It's just that (to my understanding) the following is no valid XML document:

<?xml version="1.0"?>
<books>
  <book title="title1"/>
  <book title="title2"/>
</books>
<authors />

and you do assume _event.data to be a XML document as you call getElementsByTagName (defined only for "document" per W3C IDLs) on it in test561. This somewhat implies that there ought to be a topmost container element like <content>. I guess I am in favor of this approach as there are no ambiguities of which node type _event.data is when XML is given.

> In 562, you are right that KVPs are key-value pairs, and there are three cases: XML, KVPs or a space-normalized string.  Your implicit question is whether there could be a <content> element whose child/children specified KVPs as opposed to a string (or XML).  I would think that would be possible if the content was unambiguously JSON.  However we say that support for JSON is optional, so if you don't support JSON, the children of <content> are either XML or a string (to be space normalized).  The language making JSON optional is left over from the days when we thought we might make this datamodel mandatory to implement, (and we didn't want to constrain implementations excessively.)  Perhaps it would be better to get rid of the fuzziness.  We could either remove JSON from the datamodel altogether, or make it a mandatory part.  Which would you prefer?  (Of course, whichever one we choose, implementations are free to define their own datamodel that makes the opposite choice. ) 
> 

I am somewhat torn on this. In our interpreter we do, in fact, support JSON as part of content:

  <content>
    ({
      "doubleType": 1.0,
      "int64Type": -4,
      "uint32Type": 5,
      "boolType": false,
      "stringType": 'string',
    })
  </content>

Note the enclosing round brackets of the JSON structure, which are necessary for this to be evaluated as JSON in ECMAScript (at least with Google v8).

As the expr attribute of content is already subject to evaluation by the datamodel and it's somewhat obvious to return JSON for nested ECMAScript data structures in expr, I'd argue that one should be able to provide JSON as a text node in the content element as well, which would supersede the KVPs at least in the ECMAScript datamodel I guess. As to whether or not make to JSON mandatory, I'd say yes when we are talking about the ECMAScript datamodel. We do feature a Prolog datamodel as well and it would be awkward to map JSON onto something Prolog can digest.
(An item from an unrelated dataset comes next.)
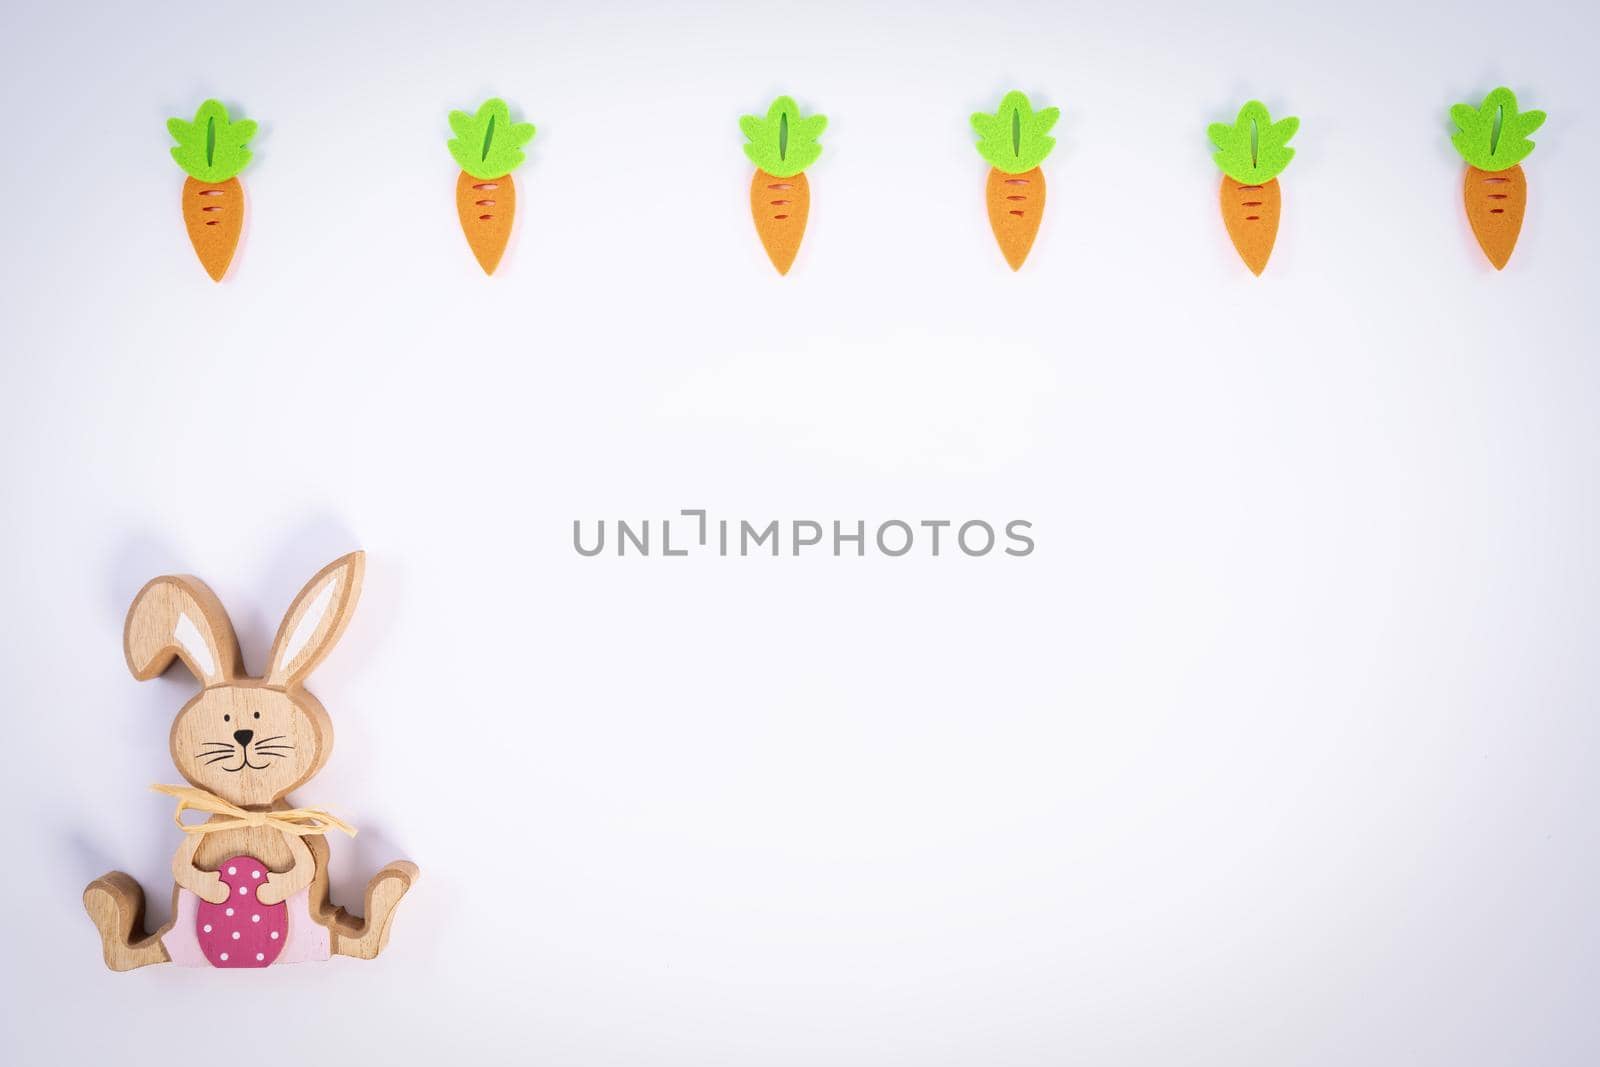 Cute Easter pattern with carrots and Easter bunny by Mendelex

With regard to the comments of David:

> I propose this:
> - add an optional 'type' attribute to <content>, which should overrule the following heuristics and facilitate the integration of additional, platform-specific <content> parsers
> 
> - if the XML in <content> is a full Document (i.e. it has exactly one root element, which is the only Element child of <content>), return a Document as per the DOMParser algorithm (use the 'type' value from <content>)
> - else if there are multiple Element children of <content>, return a DocumentFragment with all the children nodes, including text nodes
> - else try interpreting as JSON or whatever
> - if nothing works, return the text content as a string
> 

I am with you on the heuristics but I would not use DocumentFragments in _event.data - if the content is XML, _event.data ought to be a Document with a topmost <content> container element. This would unify all variations for XML in <content> and the DOM itself is a valid <scxml:content> element again. 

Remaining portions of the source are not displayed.